Neo-liberal (?) discursive esthetics

Whether this job description is “neo-liberal” (as temporarily label for an epoch following “post-modernism”) or not, it will remain a product of 2015. I suspect Teachers College has never had a “Director of Enterprise Applications Service” and that it will never have another one (as classifications and procedures change).

Cultural anthropologists must appreciate the following job description, as local (in time and place) work of linguistic
artifacting?
artificiality?
artfulness?
arbitrary?

The Director of Enterprise Applications Service is responsible for application planning, development, testing, support and operations and project management of Teachers College’s application architecture and strategy. The Director of Enterprise Applications will forge sustainable relationships with IT directors in the business units and provide consultative support to the business units. This position will report to the Chief Information Officer and will interact across the academic and administrative technology services leveraging people, process, technology across the college by analyzing existing enterprise applications portfolio and define the road map for that portfolio as the college’s needs and opportunities change. This position will also be responsible for the college data warehouse and business intelligence environments.  (Retrieved from LinkedIn on February 18, 2015)

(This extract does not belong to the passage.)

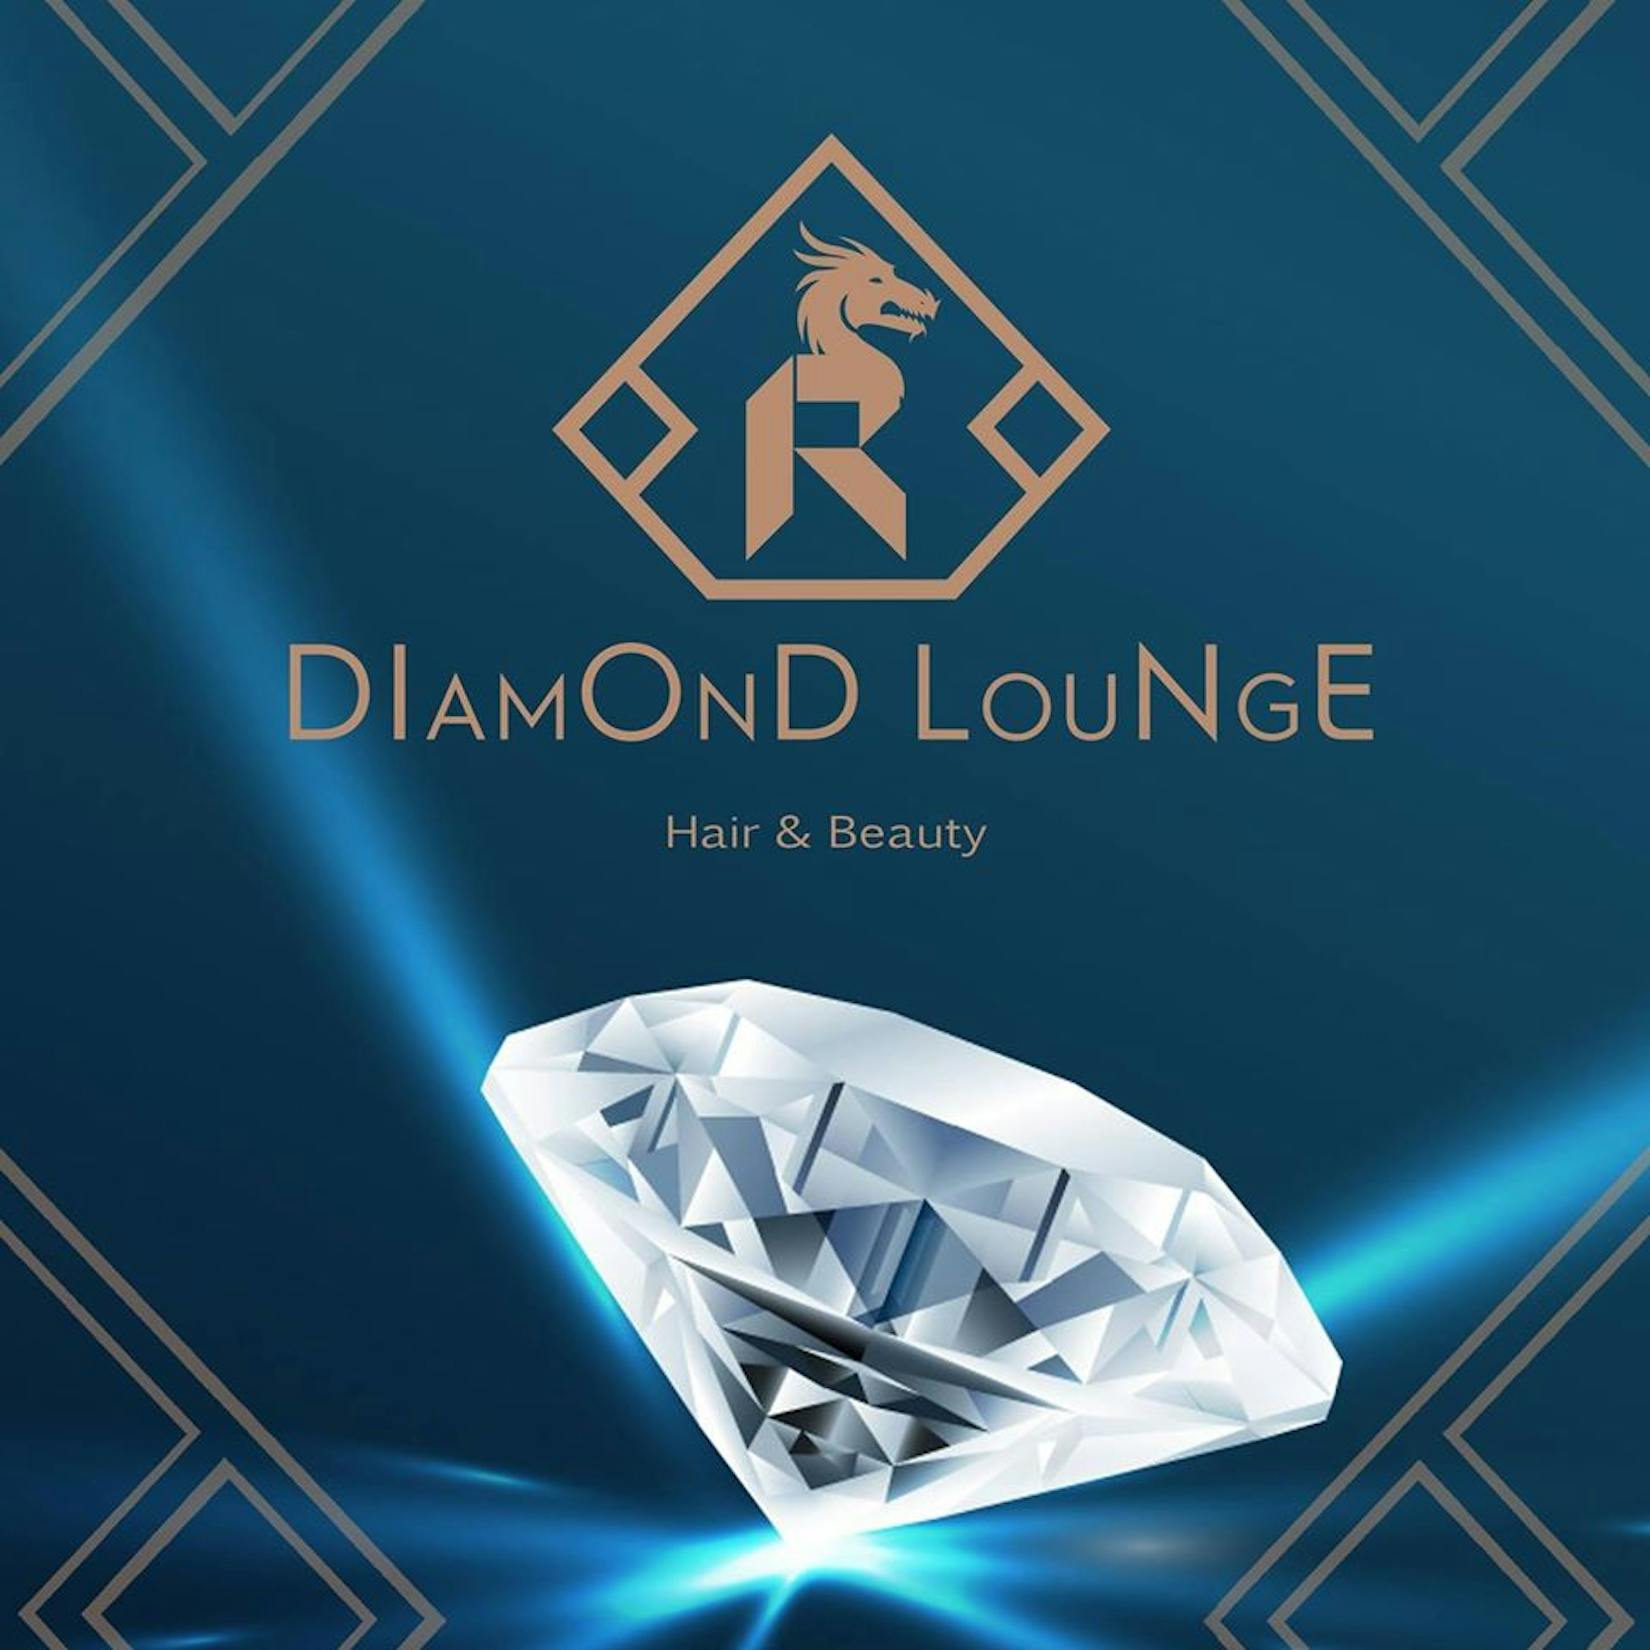 Diamond Lounge - Hair & Beauty | Beauty

Whether the formal esthetics of this description is “neo-liberal” (as temporarily label for an epoch perhaps following “post-modernism”) or not, it will remain a product of a time and place: 2015 in some global sphere.  I suspect Teachers College has never had a “Director of Enterprise Applications Service” and that it will never have another one (as classifications and procedures change).

Reading this job description made me wonder about the form of the text.  Minimally, it would lead to examining the vocabulary (“application,” “sustainable,” “enterprise,” “Chief,” “data warehouse,” etc.) and adjectival phrases made up of nouns (“Enterprise Application Service,” “Chief Information Officer”).

And it made me wonder about a question anthropologists of neo-liberalism rarely address (if at all): what process produces such forms?  This is a different question than the one we (my faculty and student peers) debated in my graduate school days (1968-1972).  We wondered about the production of texts given a form (“structure”).  We (the students) reviewed hypotheses our faculty and their peer had developed.  Most of those now look wild, particularly when they are about the transformation of “deep” structures (matters of “competence”) into “surface” manifestations (matters of “performance”), as well as the analysis of the deep given accessible surfaces.  (And, of course, this remained the problematics in Bourdieu’s opus).